The range to repeat runs from the line with "Unit 7 Electrostatics" to the last line below, both ends included; give it exactly and without pictures.
[THE DATA — start]
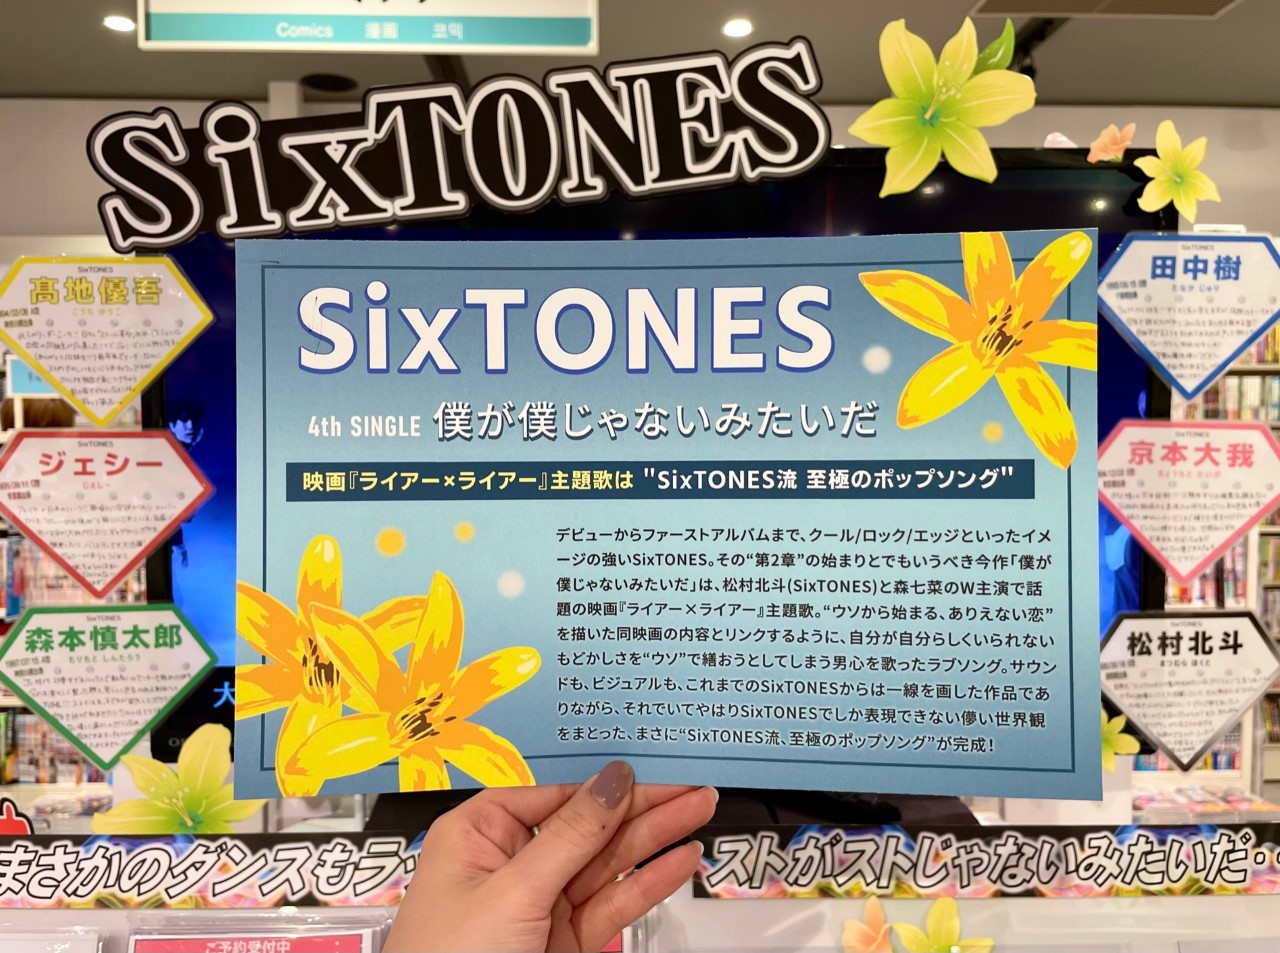 Twitter 上的 Hmv Books Hakata Sixtones 僕が僕じゃないみたいだ フラゲ日 松村北斗 Amp 森七菜 W主演映画 ライアー ライアー 主題歌 ワイルドなイメージのストが 今作ではダンスもラップもなし Sixtones流 至極のポップソング になりました
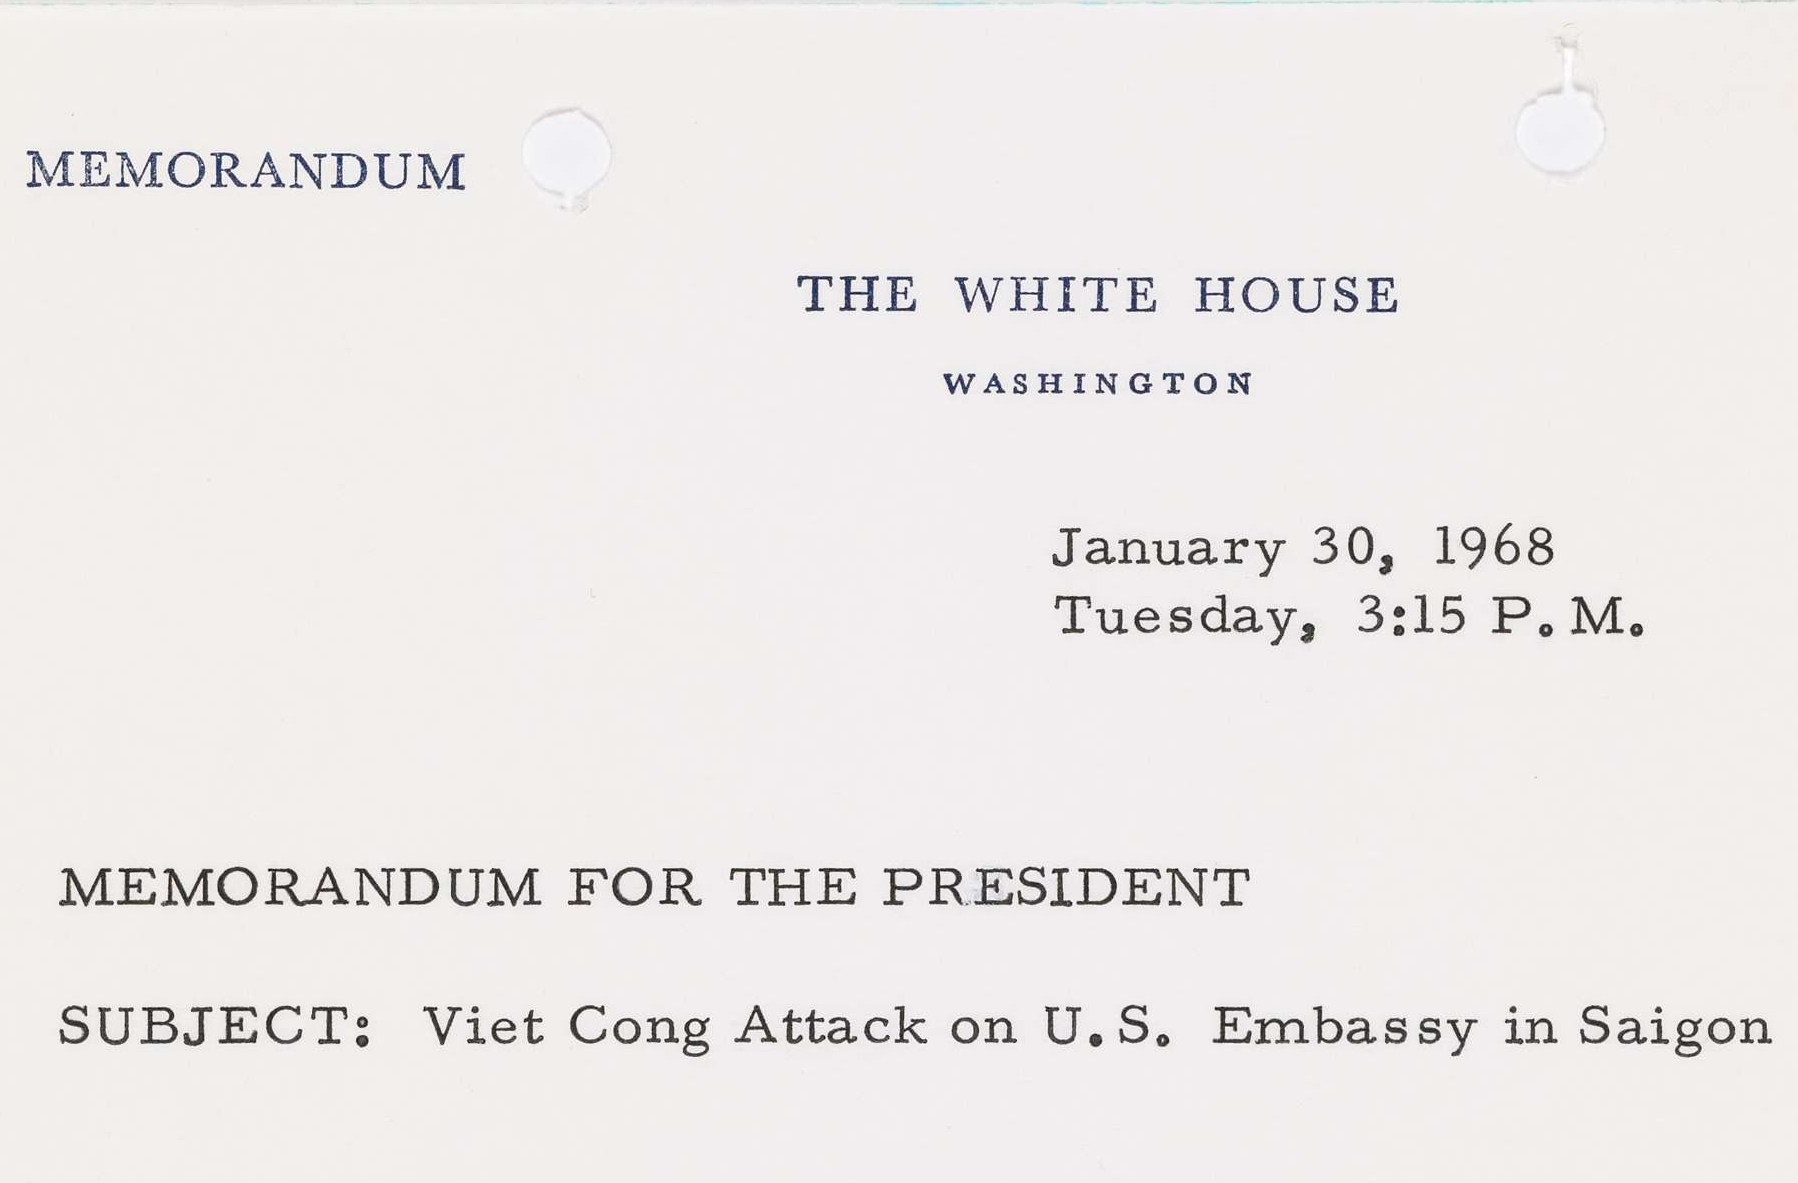 Memo from Walt W. Rostow to President Johnson
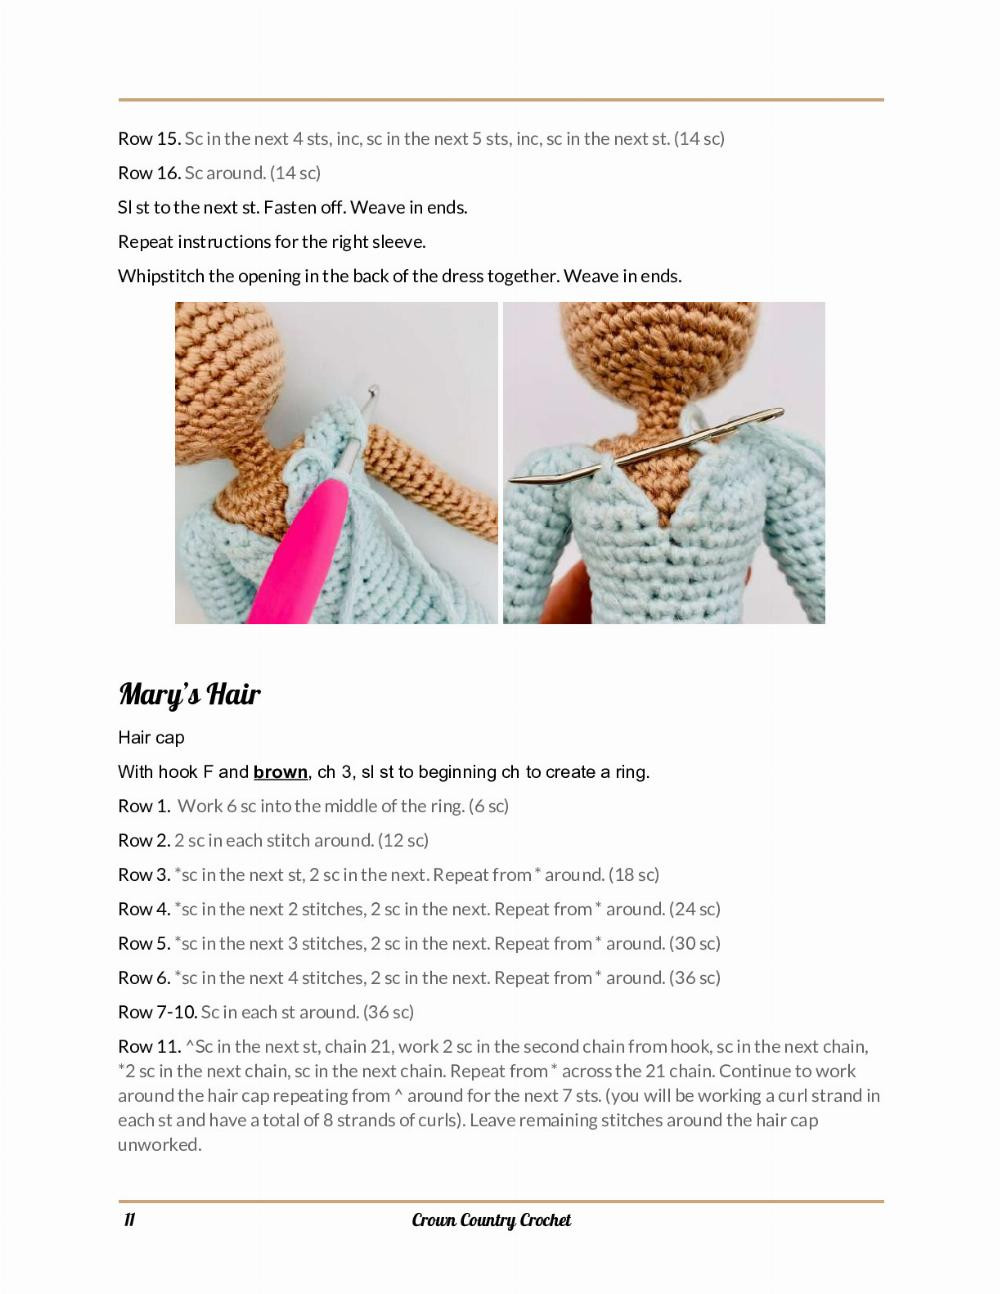 mary crochet pattern
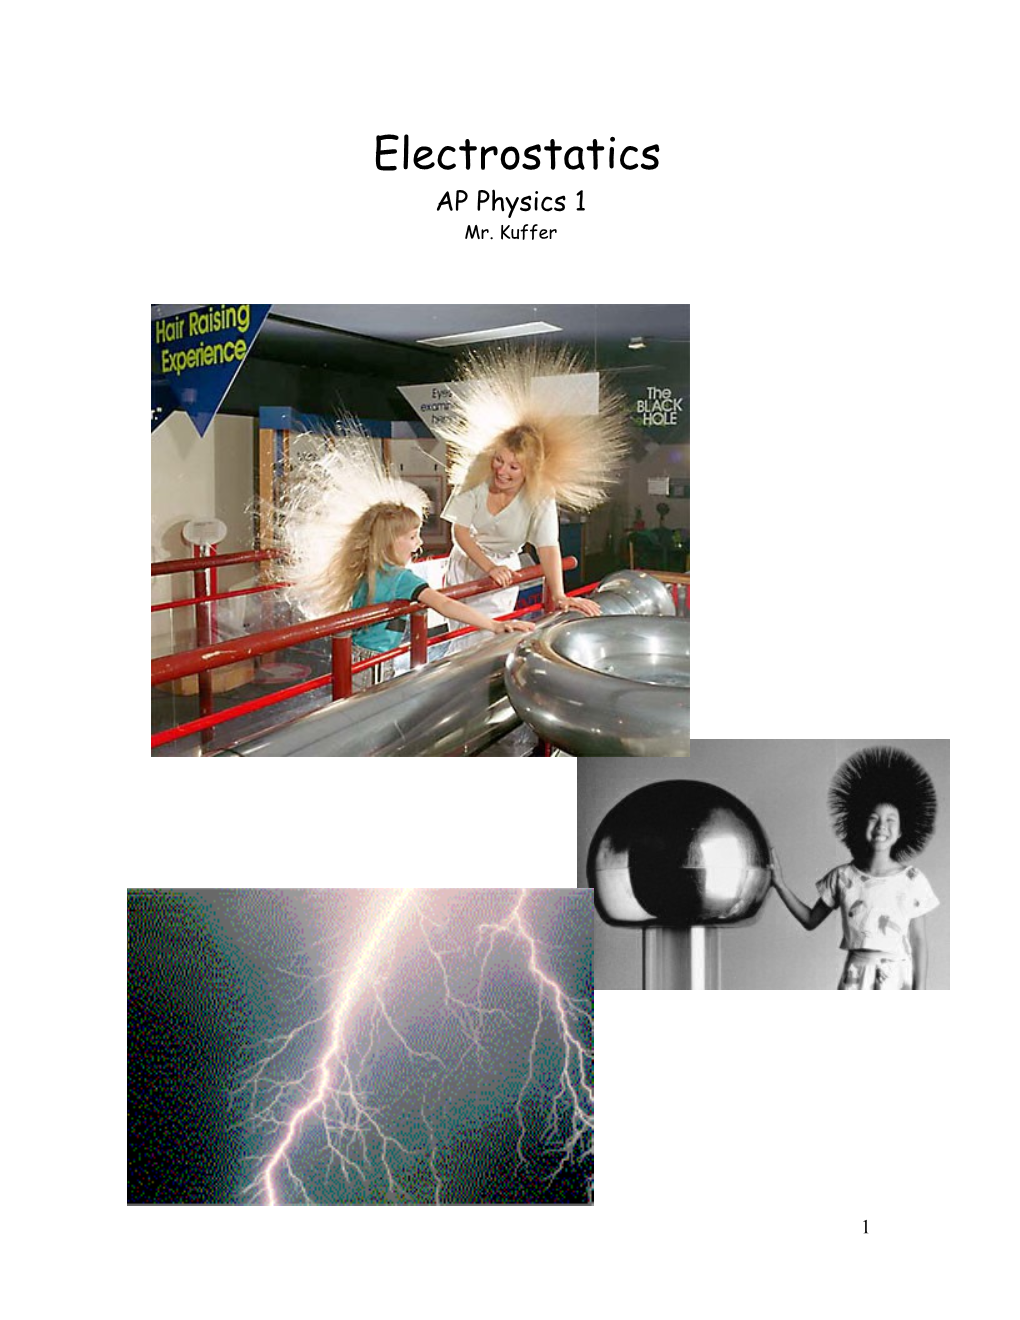 Unit 7 Electrostatics
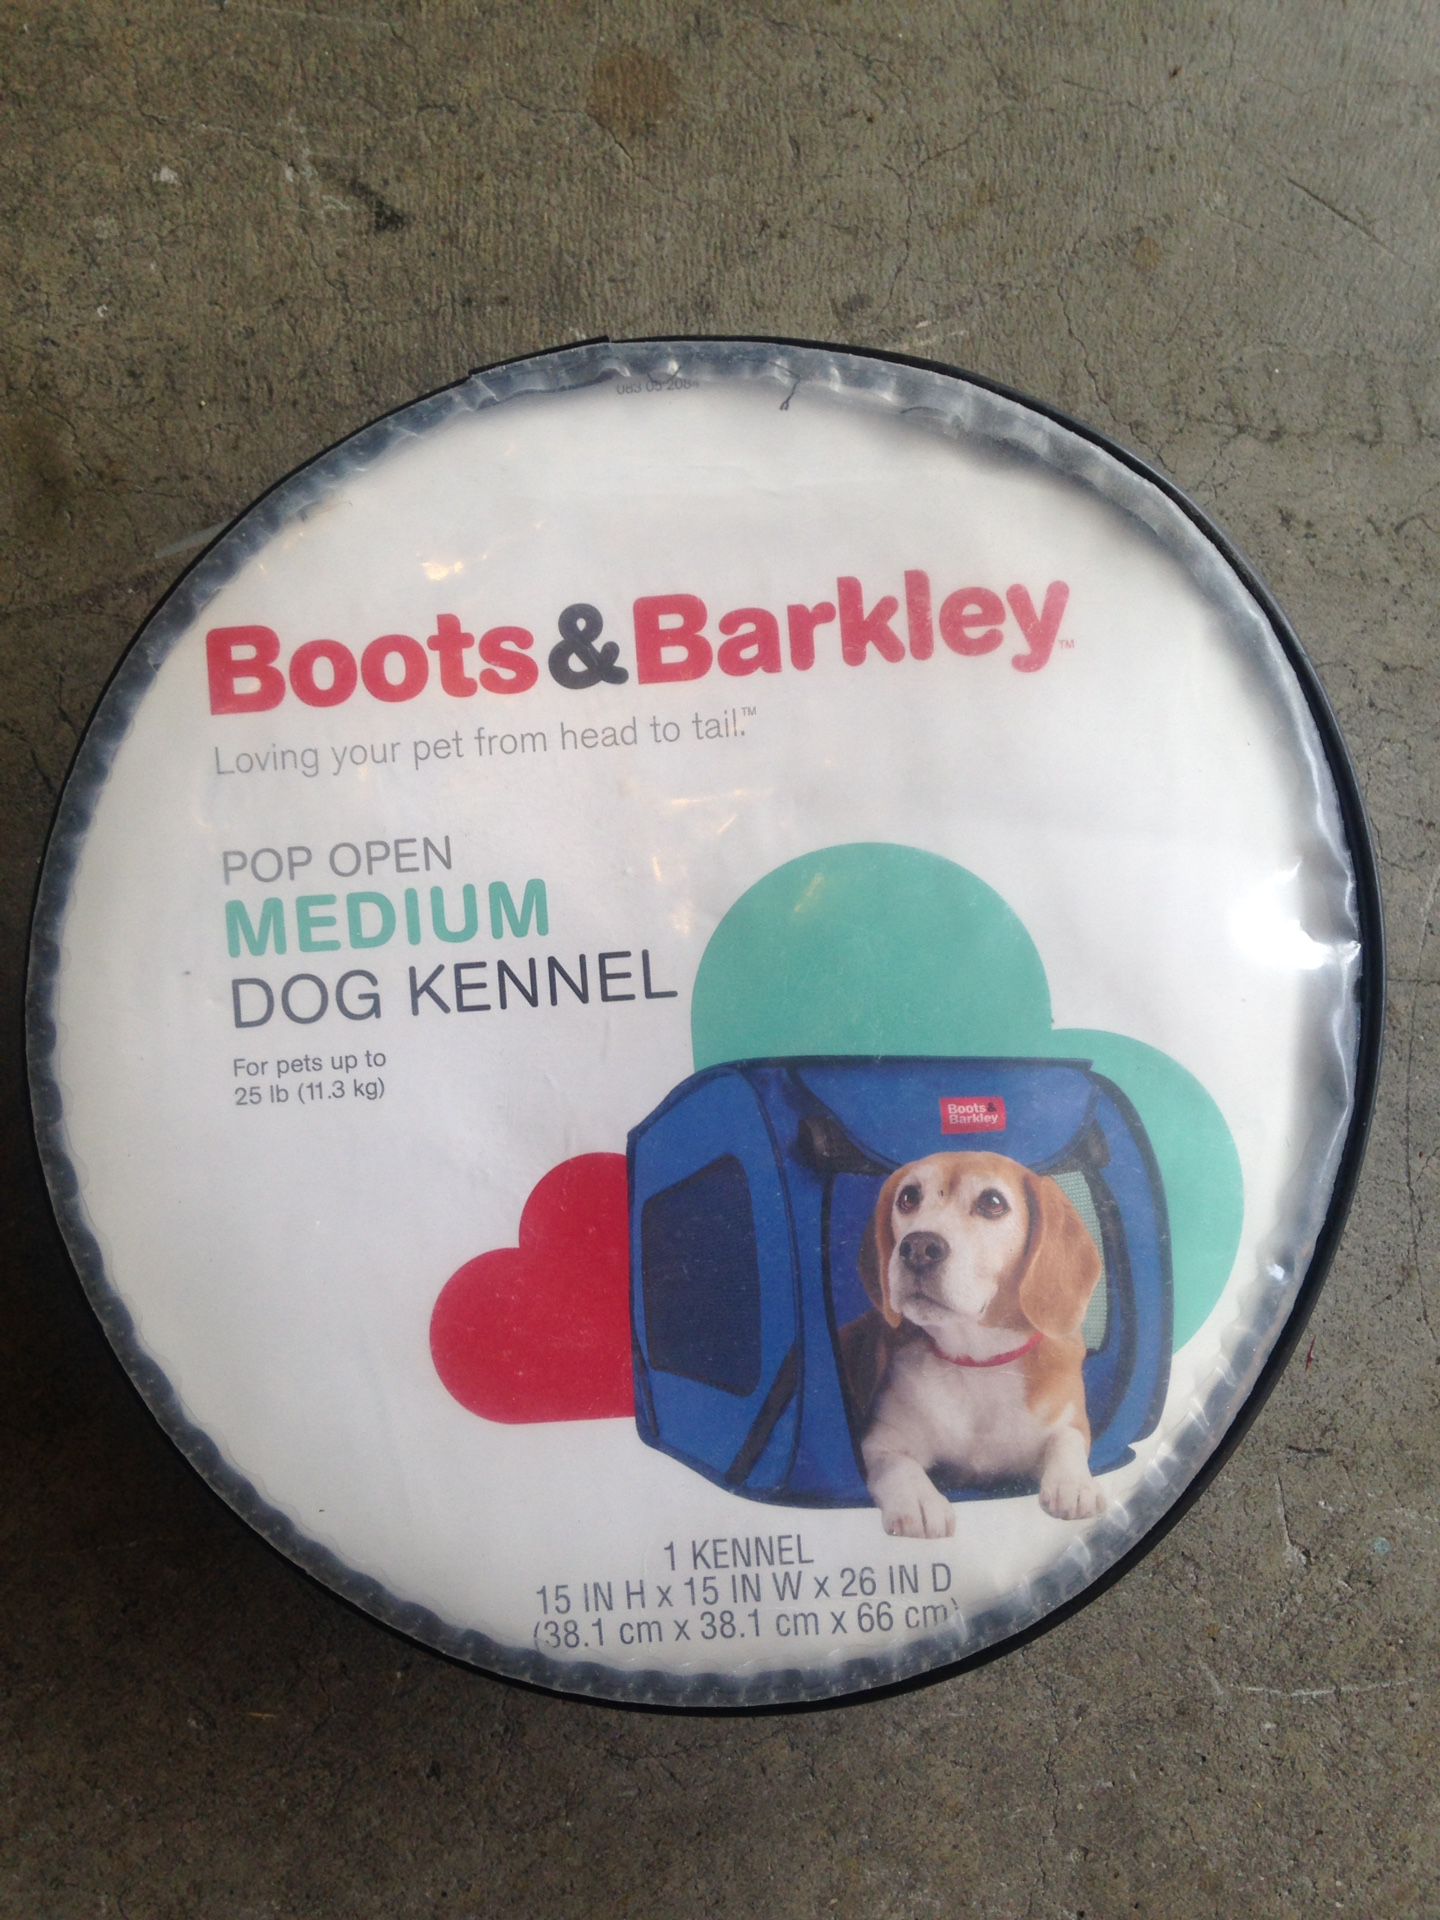 New Pop Open Medium Dog Kennel
[THE DATA — finish]
FINISHED EXERCISE
 Unit 7 Electrostatics
 New Pop Open Medium Dog Kennel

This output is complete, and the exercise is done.